Scientists using hi-tech body scanners have discovered that people with more symmetrical bodies are more attractive to the opposite sex.
The research backs up previous findings that symmetrically proportioned faces are more attractive and suggests that our brains are hard-wired to find symmetry sexy in a potential partner. In our evolutionary past, symmetry may have been an honest signal of flawless development and health.
“It is widely believed that human beings are attracted to one another as a result of genotype and phenotype quality – in other words, their prospect as a mate who will yield higher quality offspring for the chooser,” said Dr William Brown, an evolutionary psychologist at Brunel University who led the study.
“Your body proportions, shape and stature are signals that conspicuously advertise your good development or health and therefore the degree to which you are a desirable reproductive partner. In many species fewer departures from perfect symmetry are associated with good development, health and reproductive success.”
The theory is that disturbances in the womb, infections, poor nutrition and genetic flaws all increase your degree of asymmetry and so good proportions are an honest indication of healthy development and hence a partner’s ability to produce healthy children.

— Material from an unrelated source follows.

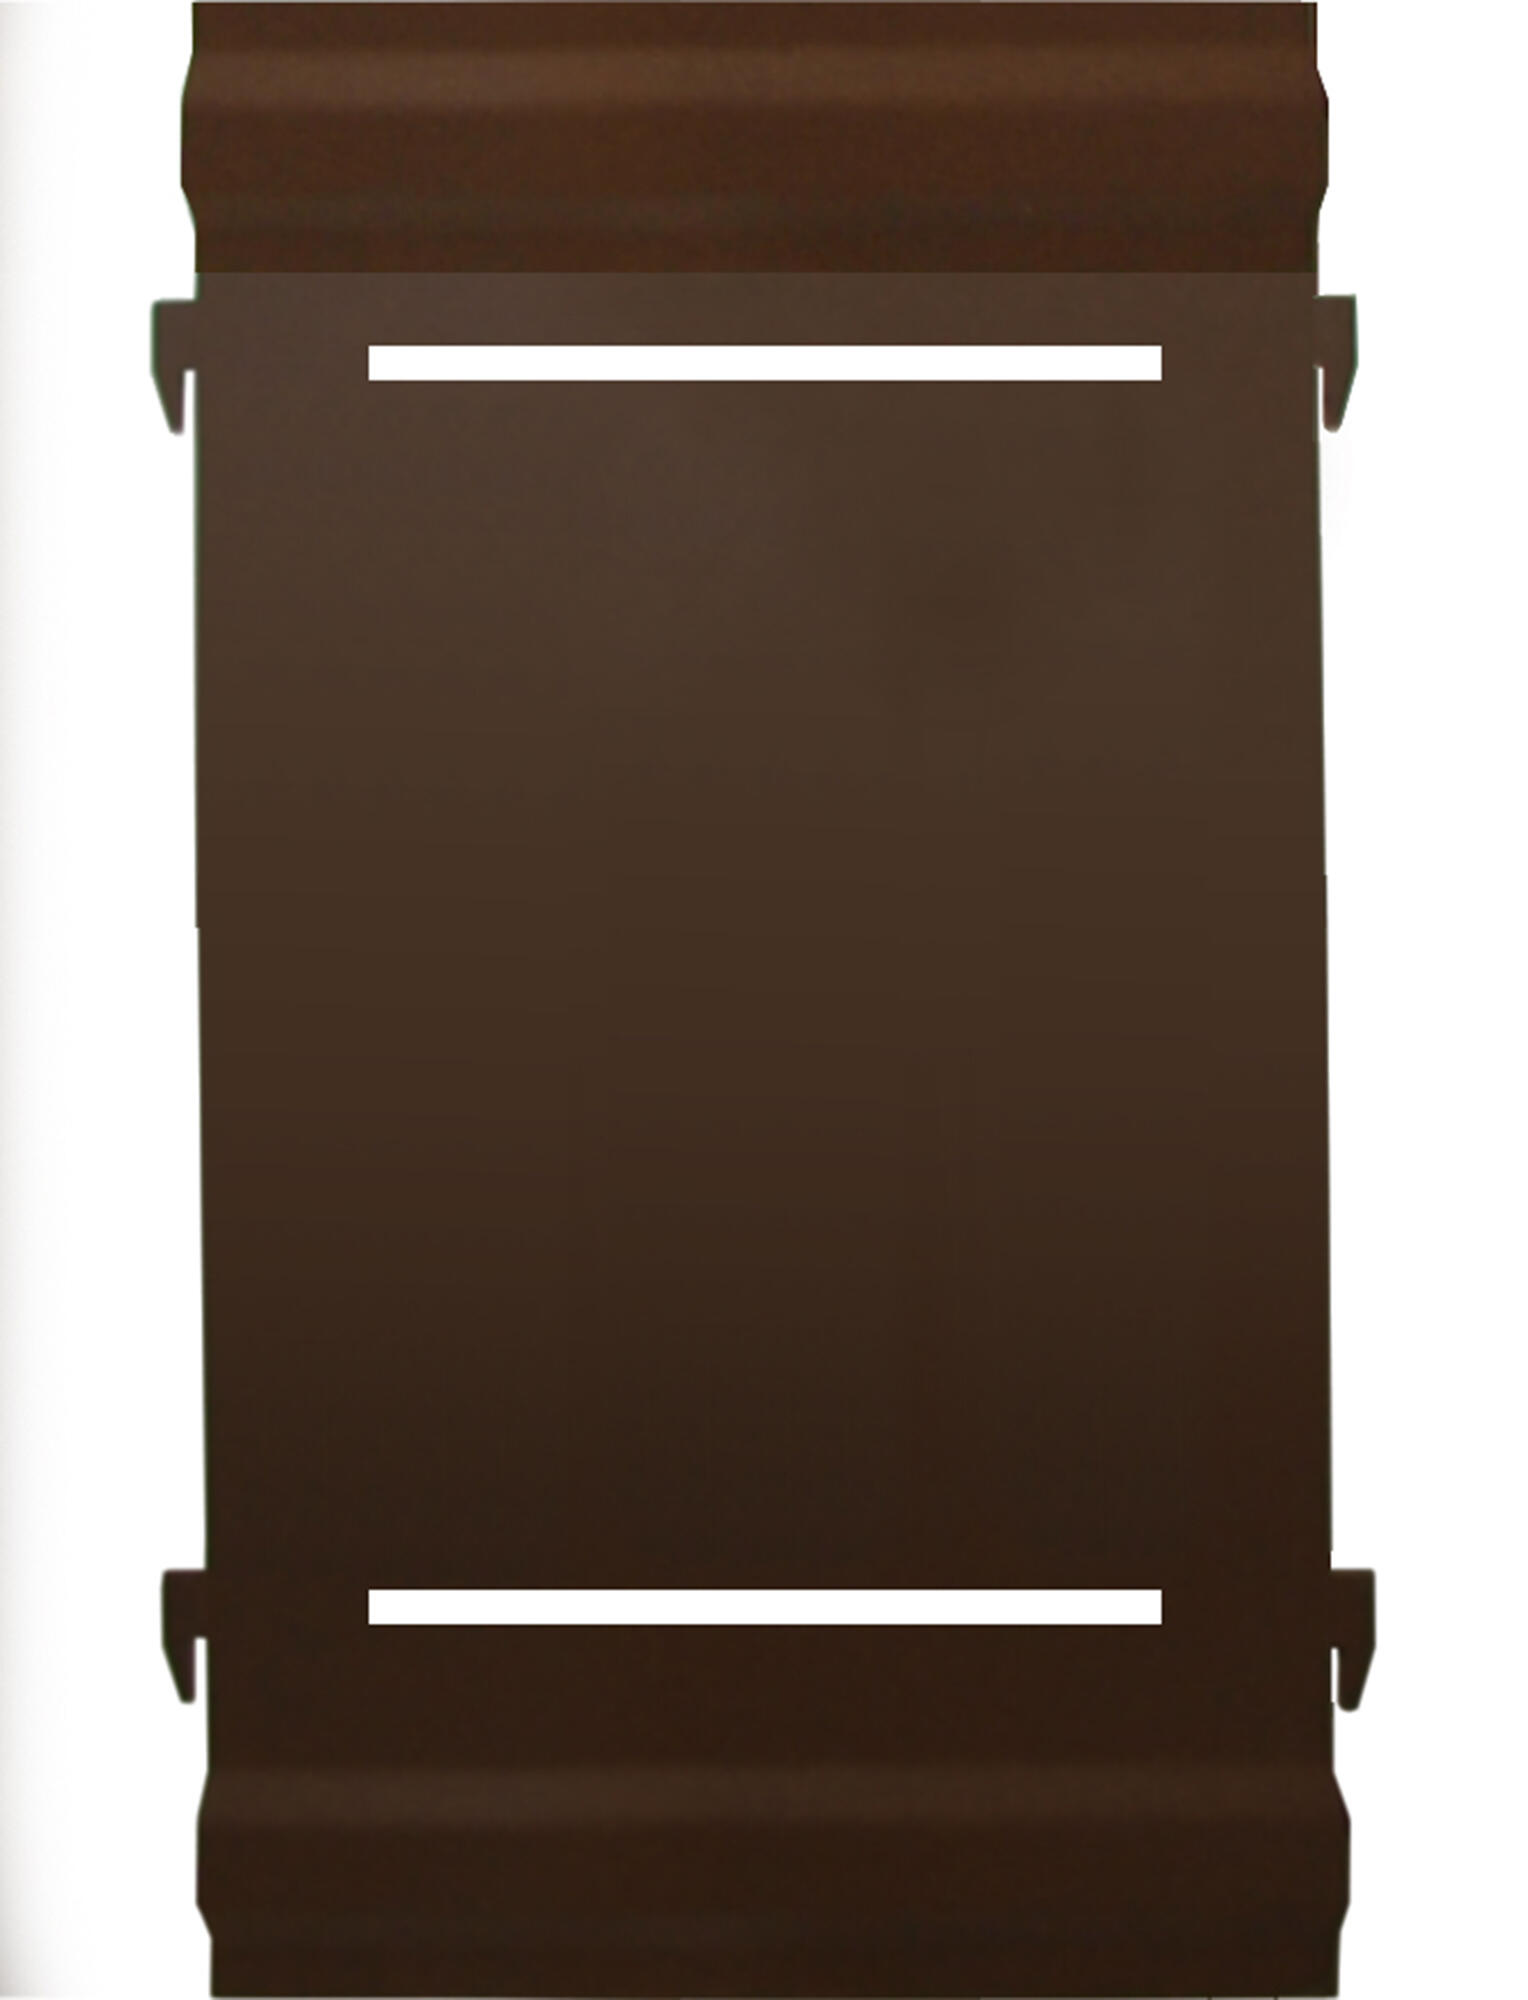 Panel remate valla acero galvanizado ciego marrón 44x20 cm

Brown’s team asked 40 men and 37 women to strip down to their underwear and enter a 24-camera body scanner. The device rapidly takes hundreds of measurements of the subject’s body allowing the researchers to build up a 3D image. They also calculated a composite measure of symmetry from the hundreds of minute symmetry differences recorded by the cameras.
The team showed each of these images to 87 evaluators who rated them for attractiveness. The researchers were particularly interested in how body asymmetry would affect the ratings, so to avoid adding another factor to the evaluators’ decision, the team presented each image with the head of the subject removed.
The evaluators preferred more symmetrical body shapes in both men and women. “They are choosing individuals who would have evidence for good development which means that maybe their offspring would be more healthy and have good development as well,” said Brown.
The results are reported in the Proceedings of the National Academy of Sciences.